During the first 10 months of 2019, there were 112 reported arrests or sightings of ICE officers at courthouses around the state, according to a report by the Immigrant Defense Project. At least 69 of those arrests and sightings so far this year occurred in New York City.
As of the beginning of November, Brooklyn led the city with 23 ICE sightings and arrests in or around courthouses. Queens had the second most at 22. Manhattan had 12, the Bronx had 10 and Staten Island had two. IDP could not immediately confirm how many of these were arrests and how many were sightings.
“Court cannot be expected to function properly if third parties (not least the executive branch of the government) feel free to disrupt the proceedings and intimidate the parties and witnesses by staging arrests for unrelated civil violations in the courthouse, on court properly, or while the witnesses or parties are in transit to or from their court proceedings,” Rakoff wrote.
The judge said more than 500 years ago, the English courts developed a common law privilege against civil arrests on courthouse premises.

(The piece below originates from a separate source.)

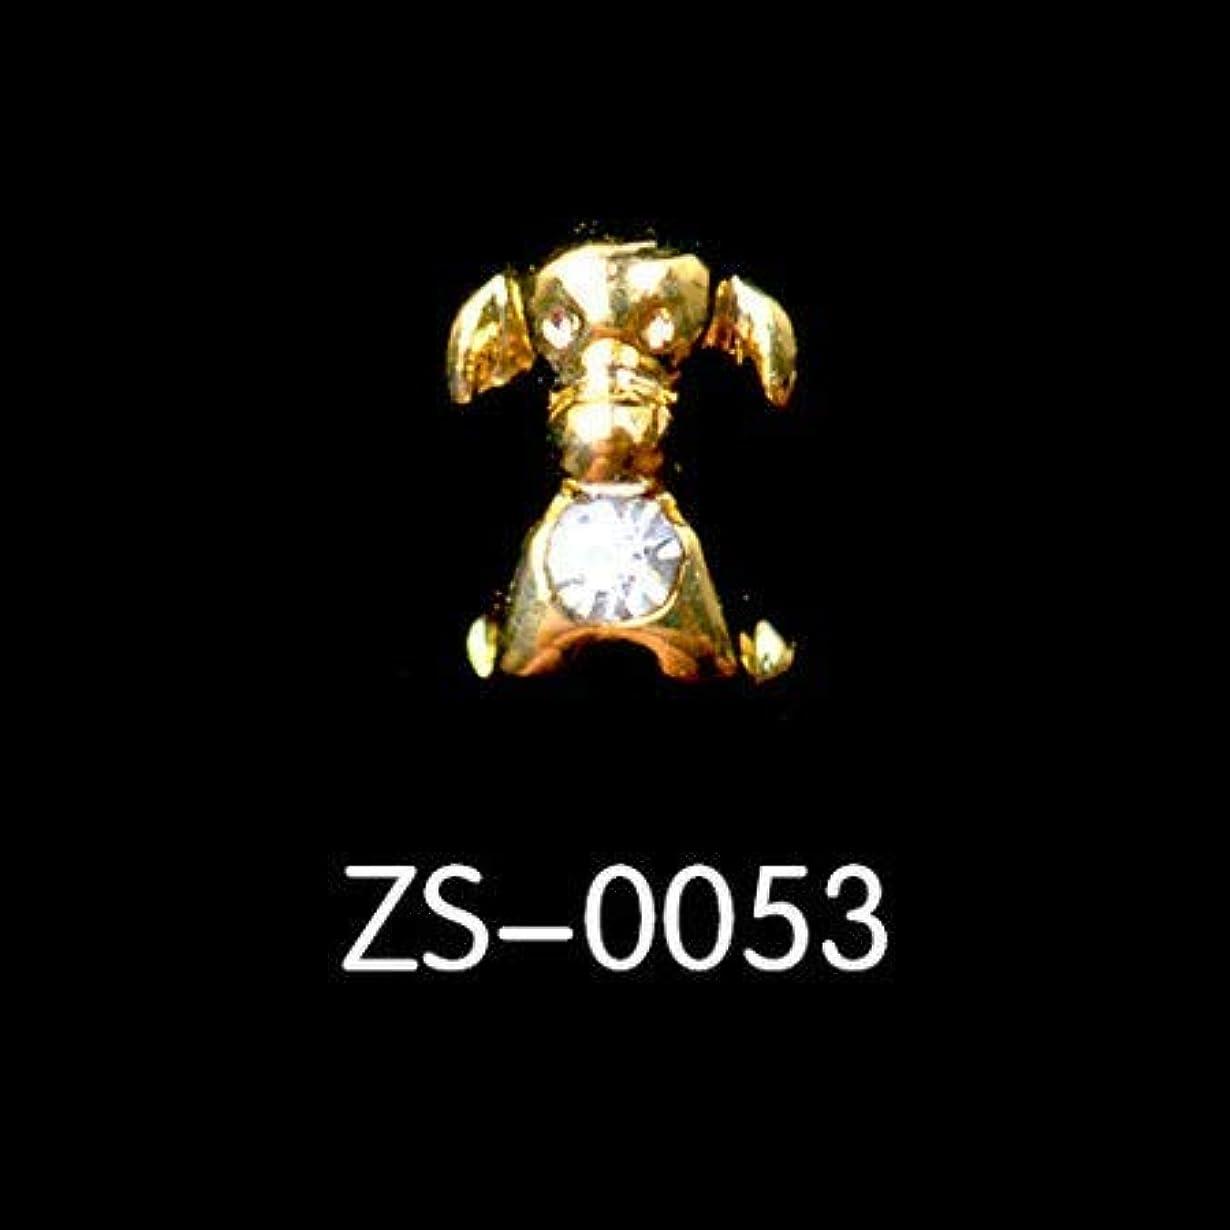 太字冊子牧師AiCheaX 20pcsかわいい動物デザイン3Dシルバー/ゴールド合金ネイルアートDIYラインストーンデコレーションメタルネイルアートアクセサリーネイルジュエリー-(色:ZS0053)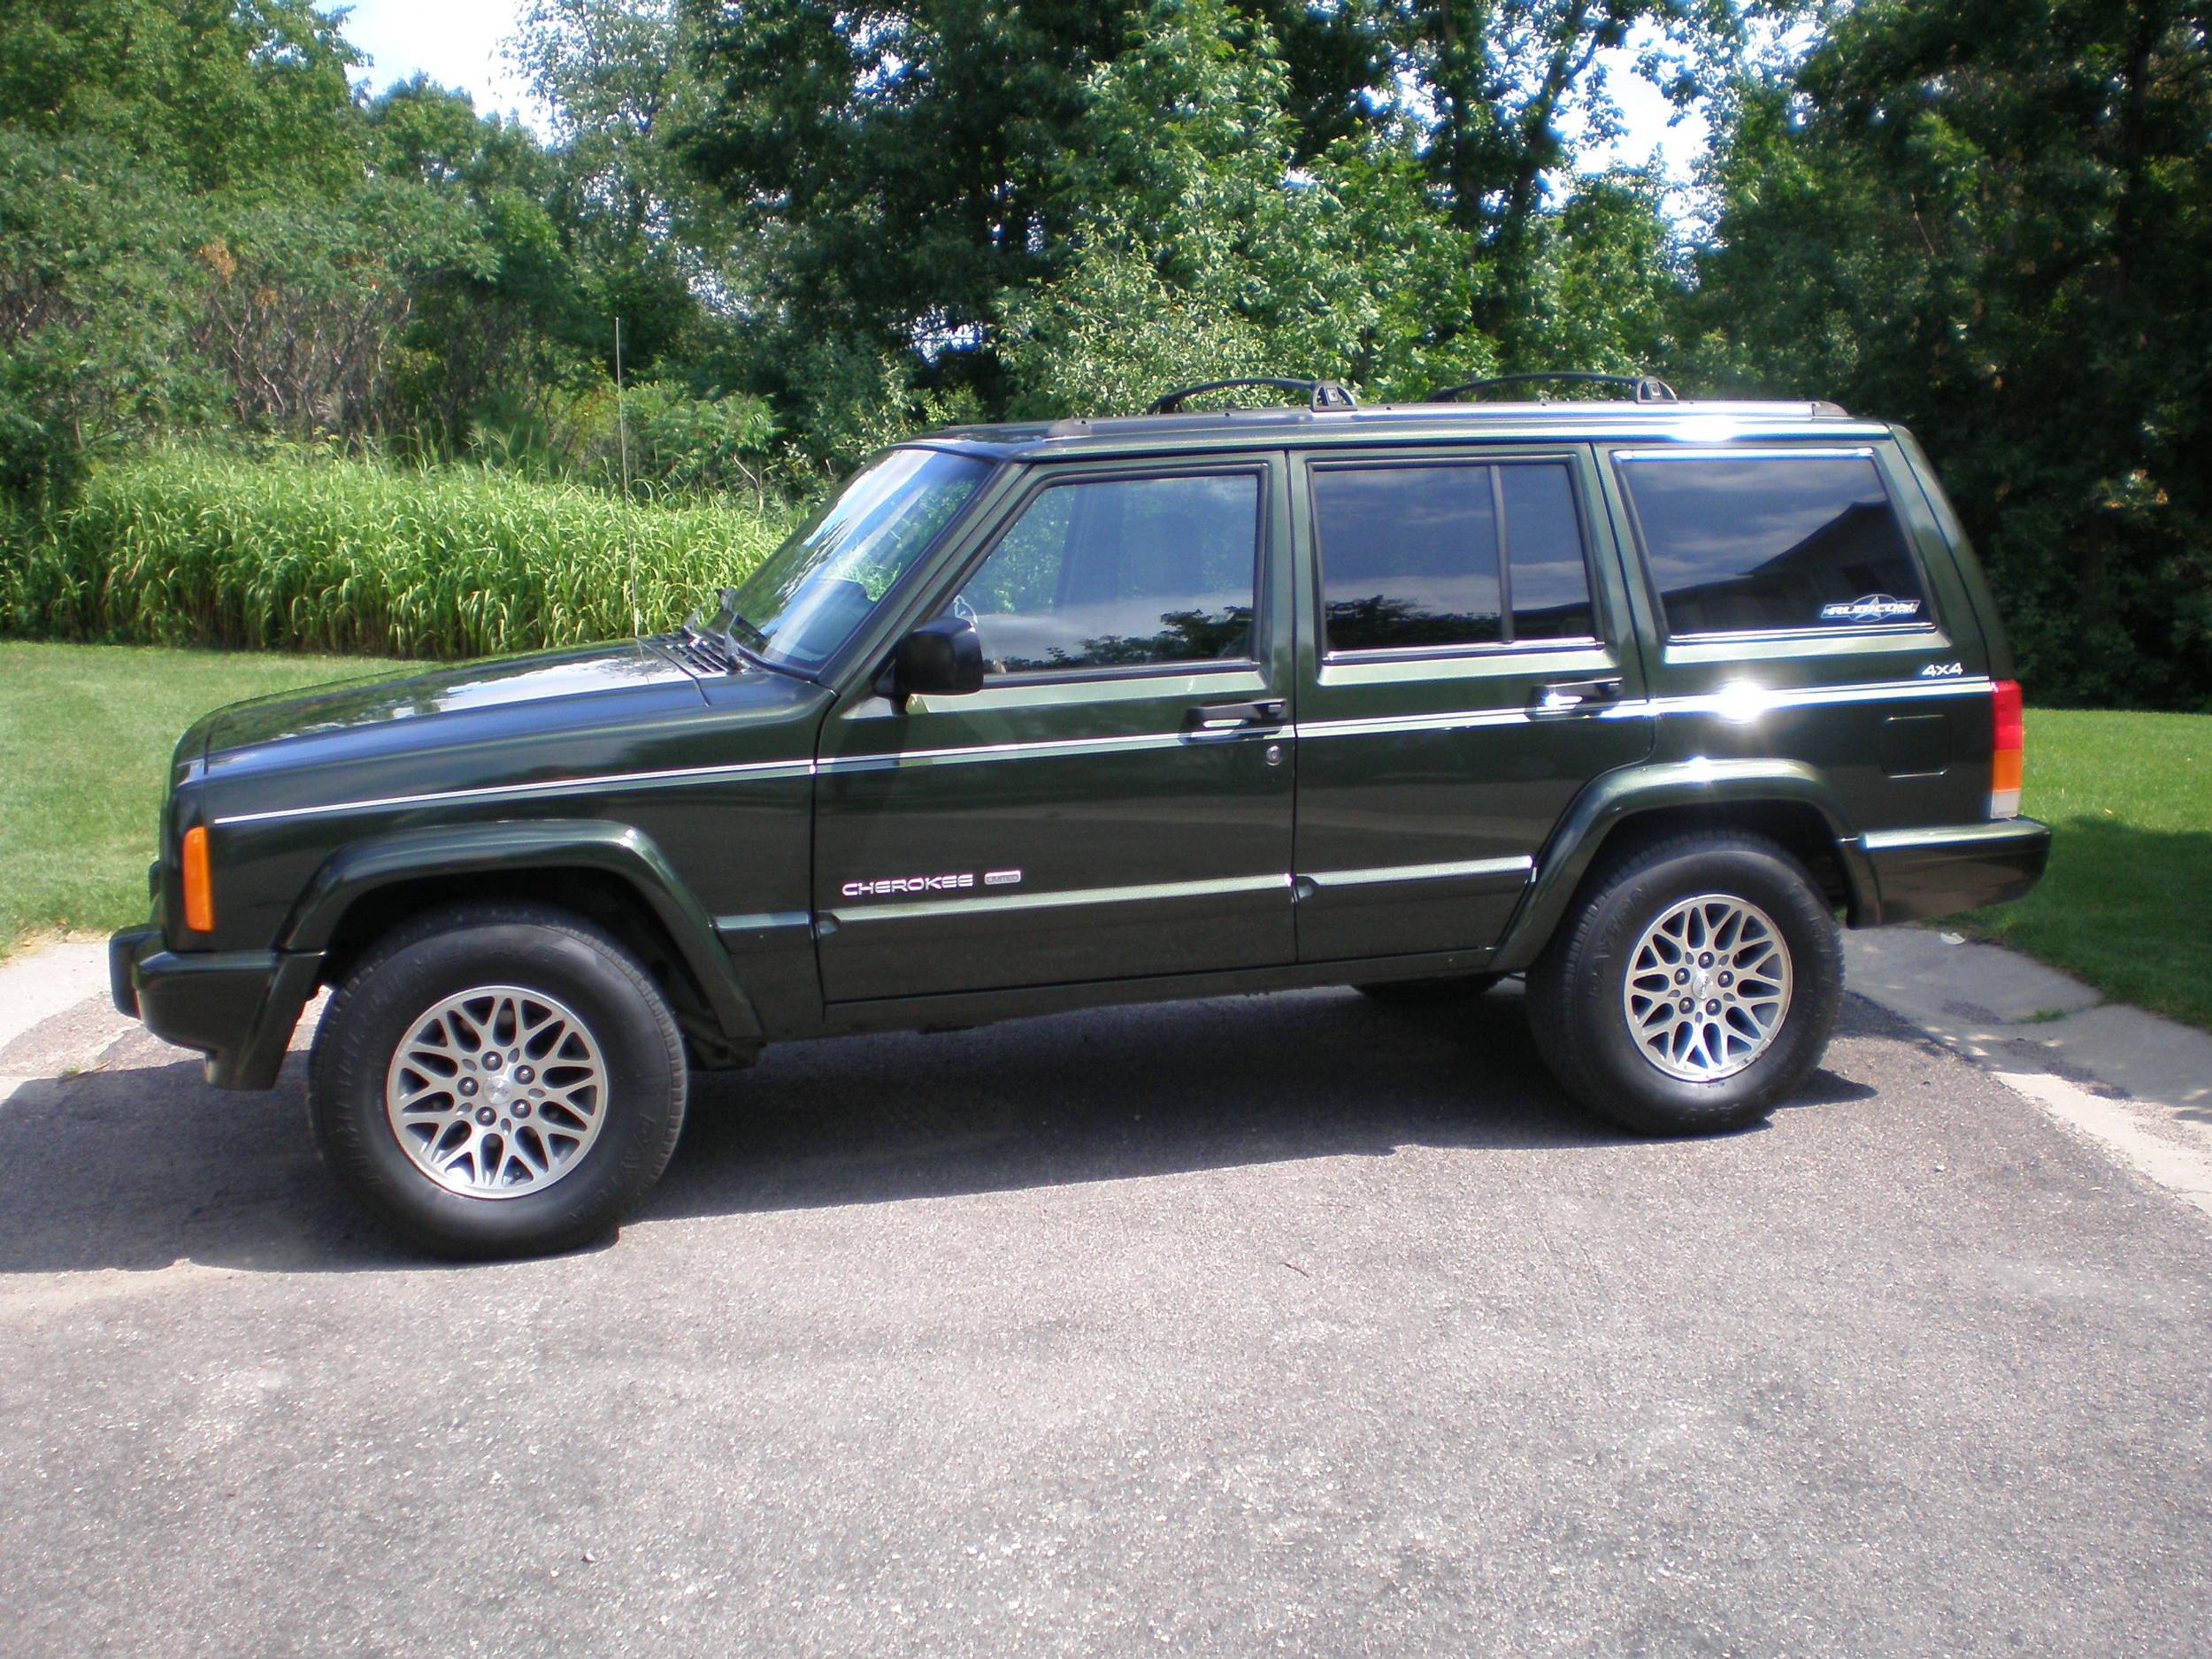 98_XJ_Jeep_Cherokee_0031.JPG

“This ancient privilege, incorporated into American law in the early years of our republic by virtually all state and federal courts, has remained largely intact over the centuries,” Rakoff said.
Last month, the judge said he found the federal government’s assertions that its policies regarding courthouse arrests can’t be reviewed by a federal judge to be “unusual and extraordinary.”
New York’s attorney general praised the ruling.
“Our state courts cannot function with ICE attempting to arrest parties, witnesses, and victims who rely on our courts for relief,” James said in a statement. “Today’s ruling ensures we will get our day in court to make the case that ICE’s policies are nothing more than illegal maneuvers that harm our state’s ability to provide justice through the court system.”